RIYADH: Foreigners will be able to invest directly in Saudi Arabia’s stock market from Feb. 1, the Kingdom’s Capital Market Authority has announced.

The CMA’s board has approved a regulatory change which will mean the capital market, across all its segments, will be accessible to investors from around the world for direct participation.

According to a statement, the approved amendments aim to expand and diversify the base of those permitted to invest in the Main Market, thereby supporting investment inflows and enhancing market liquidity.

International investors' ownership in the capital market exceeded SR590 billion ($157.32 billion) by the end of the third quarter of 2025, while international investments in the main market reached approximately SR519 billion during the same period — an annual rise of 4 percent.
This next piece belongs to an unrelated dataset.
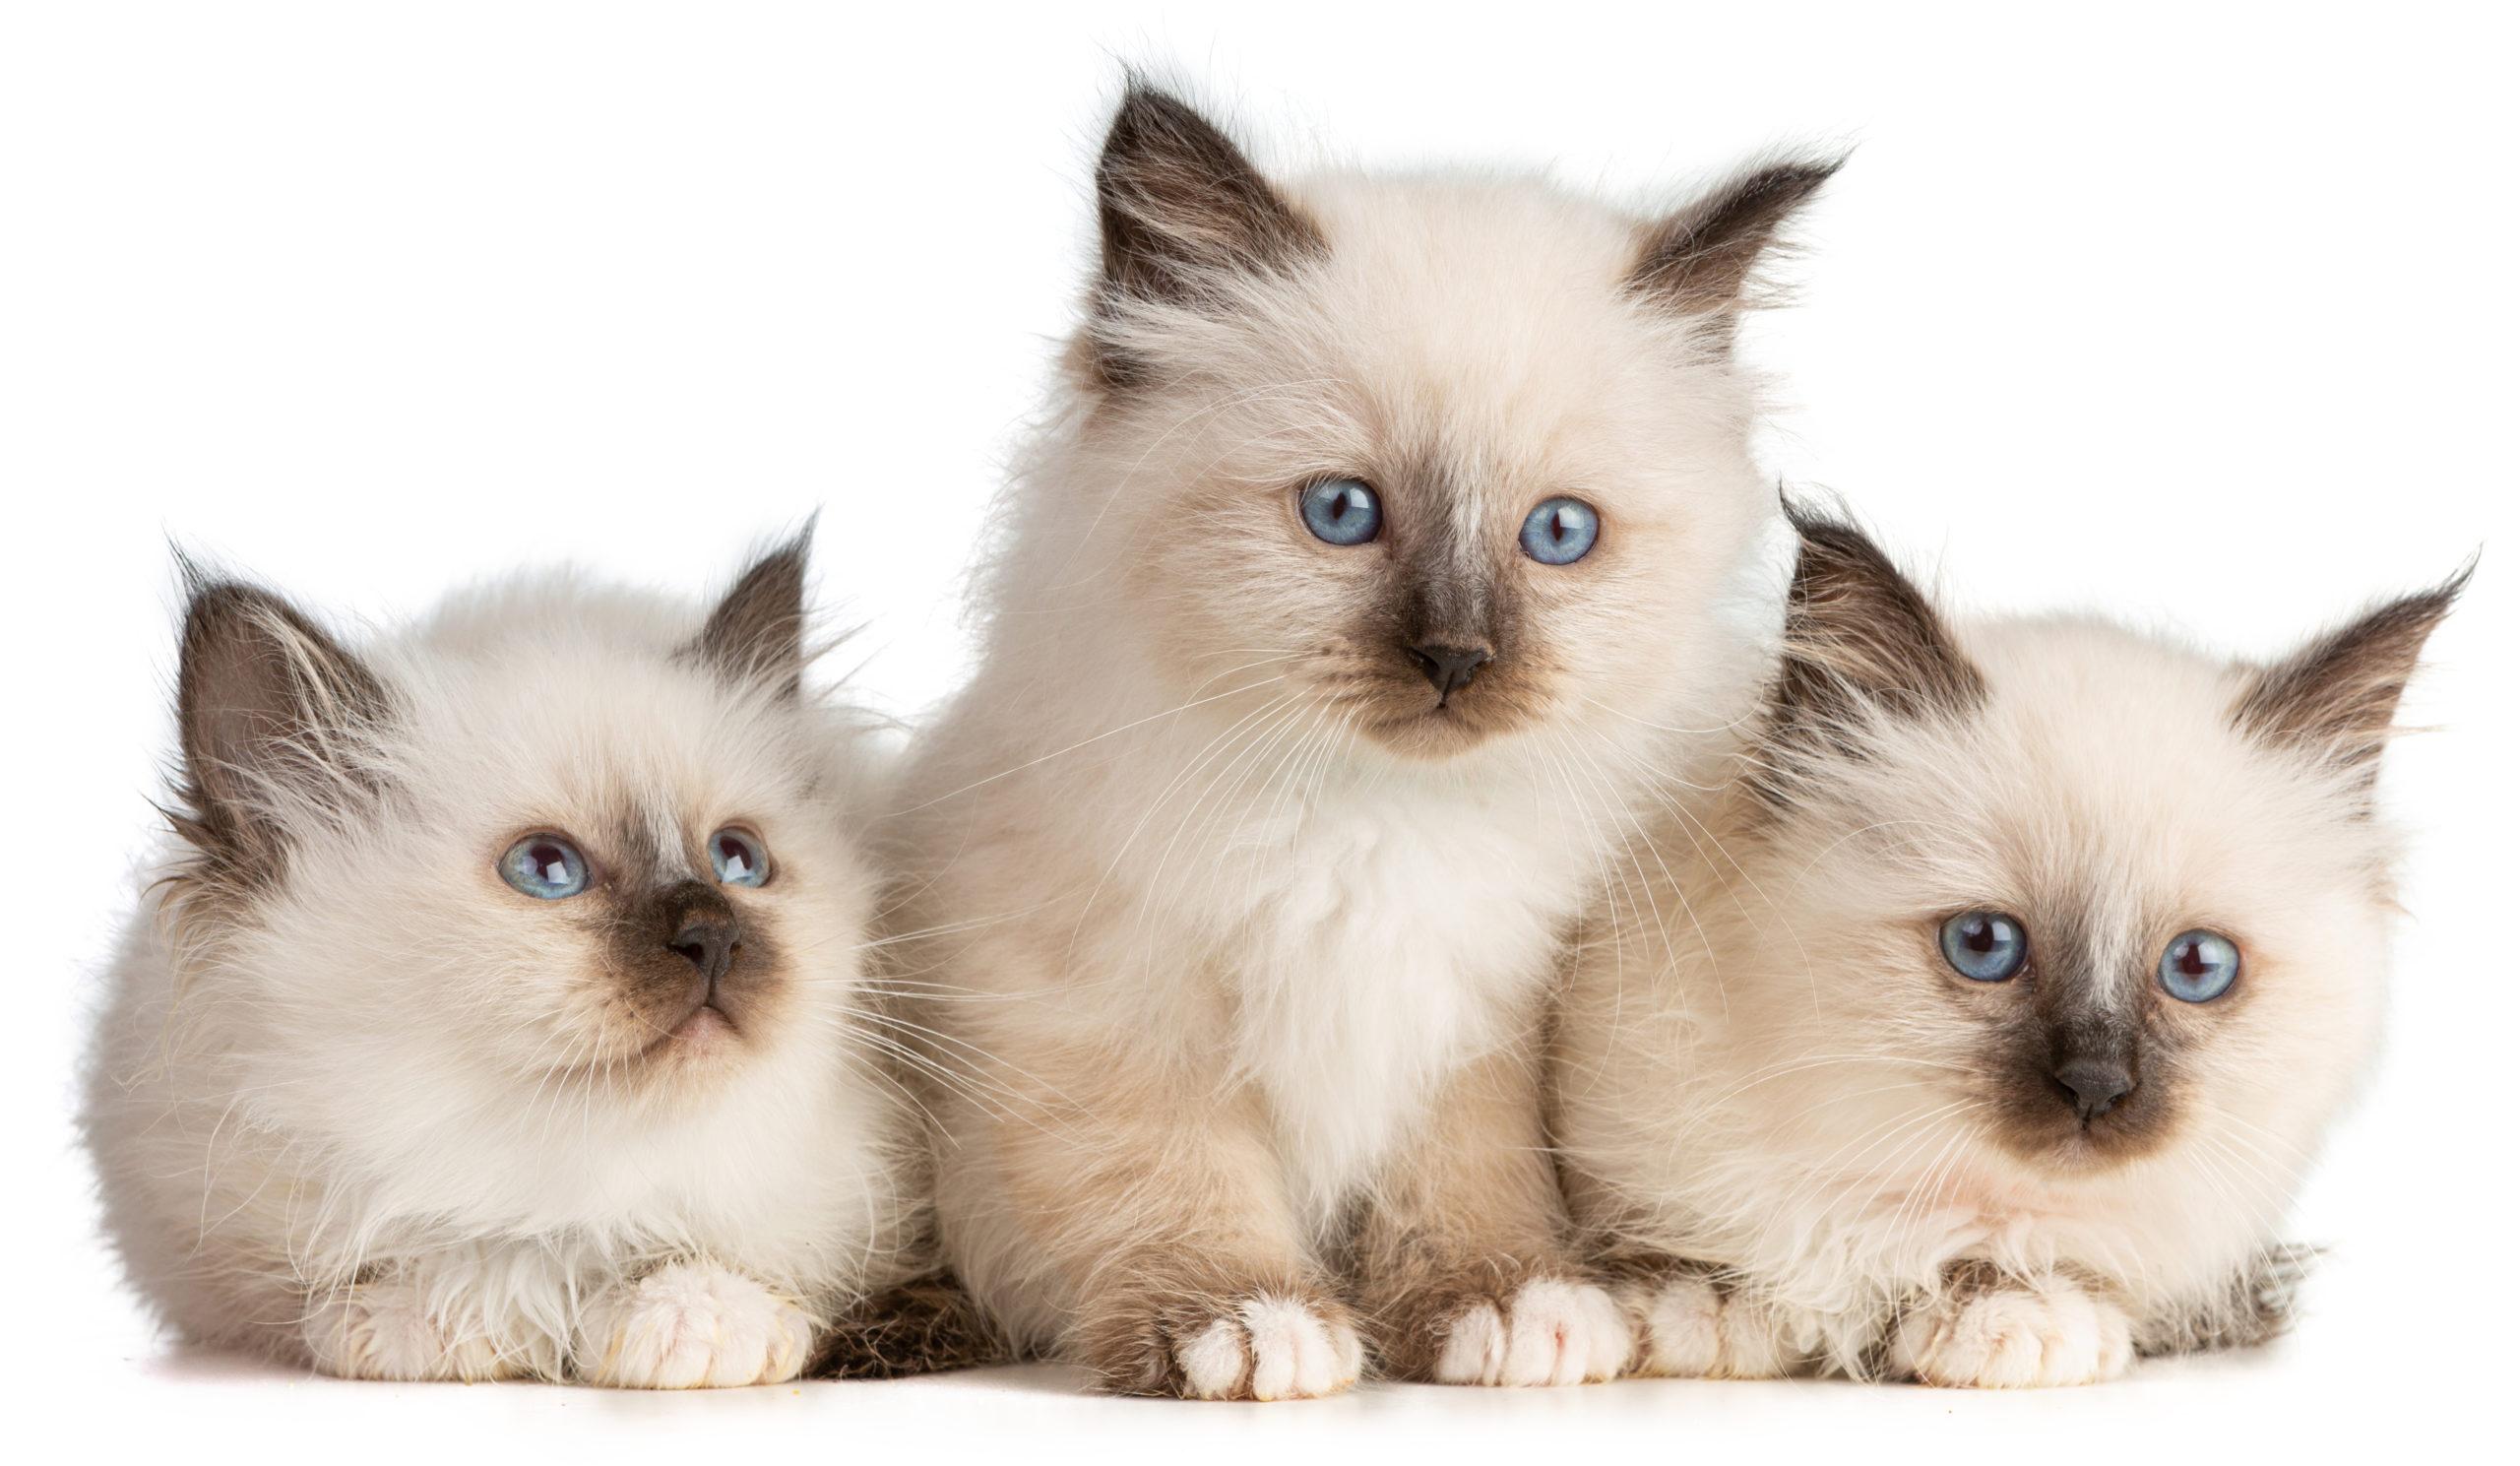 【猫好き必見!】子猫の動画【子猫が可愛すぎるので閲覧注意!】

“The approved amendments eliminated the concept of the Qualified Foreign Investor in the Main Market, thereby allowing all categories of foreign investors to access the market without the need to meet qualification requirements,” said the CMA, adding: “It also eliminated the regulatory framework governing swap agreements, which were used as an option to enable non-resident foreign investors to obtain economic benefits only from listed securities, and the allowance of direct investment in shares listed on the Main Market.”

In July, the CMA approved measures to simplify the procedures for opening and operating investment accounts for certain categories of investors. These included natural foreign investors residing in one of the Gulf Cooperation Council countries, as well as those who had previously resided in the Kingdom or in any GCC country. 

This step represented an interim phase leading up to the decision announced today, with the aim of increasing confidence among participants in the Main Market and supporting the local economy.

Saudi Arabia, which ‌is more than halfway ‍through an economic plan ‍to reduce its dependence on oil, ‍has been trying to attract foreign investors, including by establishing exchange-traded funds with Asian partners in Japan and Hong Kong.